A participatory method for public health interventions in low-income and middle-income countries: operationalising the capability approach

Biggeri, Mario (1); Nannini, Maria (1); Ferrannini, Andrea (2) (2018). 'A Participatory Method for Public Health Interventions in Low-income and Middle-income Countries: Operationalising the Capability Approach' Paper presented at the annual conference of the HDCA, Buenos Aires, Argentina 2018.


The historical evolution of public health interventions shows a growing programs complexity. Outcome measures and, in general, measurement methods need to adapt to such complexity (Lorgelly et al., 2010). Accordingly, the conventional evaluative space based on QALY has been recently enriched by the Capability Approach (Coast et al., 2008; Greco et al., 2016).

This framework is assuming an important role in health economics and health policy, since many experts recognise its advantages in analysing complex public health interventions (Lorgelly et al., 2010; Simon et al., 2013). The Capability Approach allows social scientists to adopt a multi-dimensional perspective, which considers also immaterial aspects and gives voice and value to the people involved into the programs. The dynamic analysis takes into account the existing barriers, as well as individual, social, and environmental conversion factors. Overall, the approach aims to construct a comprehensive measure of well-being.

The economic evaluations practice of public health interventions is substantially increasing and the operationalisation of the Capability Approach tends to enlarge it. However, important methodological challenges still exist (Borghi & Jan, 2008; Lorgelly et al., 2010; Hale, 2000; Greco et al., 2016), in particular concerning the attribution of effects, the identification of valid outcomes measure, the identification of programs’ inter-sectoral costs and consequences and the incorporation of equity considerations (Weatherly et al., 2009).
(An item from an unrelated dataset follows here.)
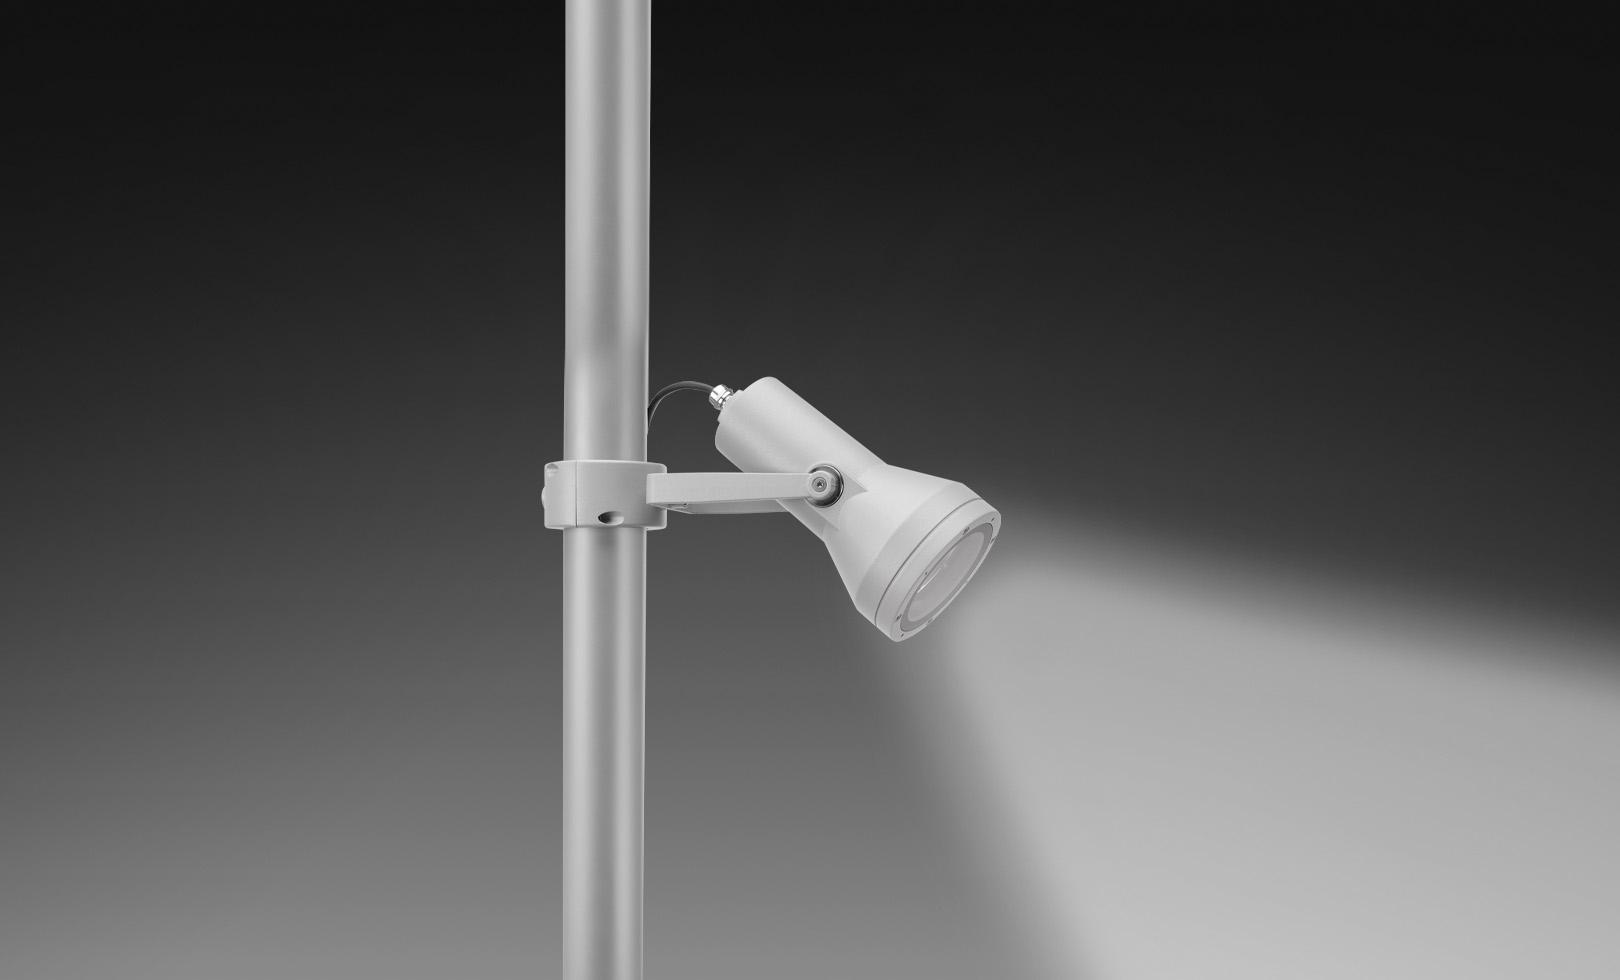 805001-805005 FLASH POLE MEDIUM LED 8W 1

The Capability Approach meets the call to develop new methods to the measurement and assessment of well-being and its operationalisation for health programs has the potential to contribute significantly to the overcoming of relevant methodological challenges (Lorgelly et al., 2010; Greco et al., 2016; Simon et al., 2013). The literature on capabilities in health concerns mainly theoretical and conceptual issues (Lorgelly et al., 2010; Ruger, 2015; Coast et al., 2008), whilst the empirical applications are relatively limited. Greco and her colleagues (2016) provide a summary review of the attempts to operationalise the Capability Approach for evaluations of health programs. Cookson (2005) first explores the possibility of applying the approach to outcome measure within economic evaluation. Anand (2005; 2009) studies how to use the information contained in large household surveys in order to identify and assess the list of core capabilities proposed by Nussbaum (2000). Furthermore, Lorgelly with other researchers (2008) refines this analysis by constructing the important capability index called OCAP 18. There exist some valid applications of capability measures for specific evaluation areas, such as the ICECAP index for elderly developed by Coast and others (2008), or the OxCAP-MH (Simon et al., 2013) for outcome measurement in mental health research. Although these examples of operationalisation represent important contributions to the methodological improvement of the Capability Approach, they have a limited generalisability. Moreover, there exist few applications to contexts of LMICs (Greco et al., 2015).

This study presents the development and operationalisation of a multidimensional capability instrument called Structured Focus Group Discussion (SFGD), introduced by Biggeri and Ferrannini (2014) for public health research. The innovative investigation tool can be applied during different program phases: prior to the intervention implementation, it constitutes a valid pre-feasibility analysis instrument aimed at identifying the main barriers and opportunities related to the program. During the intervention, it helps performing activities of monitoring and evaluation. After the end of the intervention, the SFGD contributes to capture the final impact. Given the absence of an established capability instrument to be used continuously during the public health program, this methodological improvement allows to adequately assess interventions according to a comprehensive wellbeing perspective.

The method relies on a general design flexibility and, thus, can be applied to answer various methodological challenges for different purposes, as in the case-studies discussed in this paper: pre-feasibility (Uganda), monitoring & evaluation (Uganda) and impact evaluation (India). The method thus provides an improved comparability level among different cases, and ambiguities in the capability analysis are sensitively reduced.

The paper is structured as follows. First, the method characteristics are introduced. Second, different case studies presents the operationalization of the multidimensional capability instrument, showing its adaptability to different frameworks. We conclude with a discussion on the main potentialities of the method application and its contribution to the research improvement.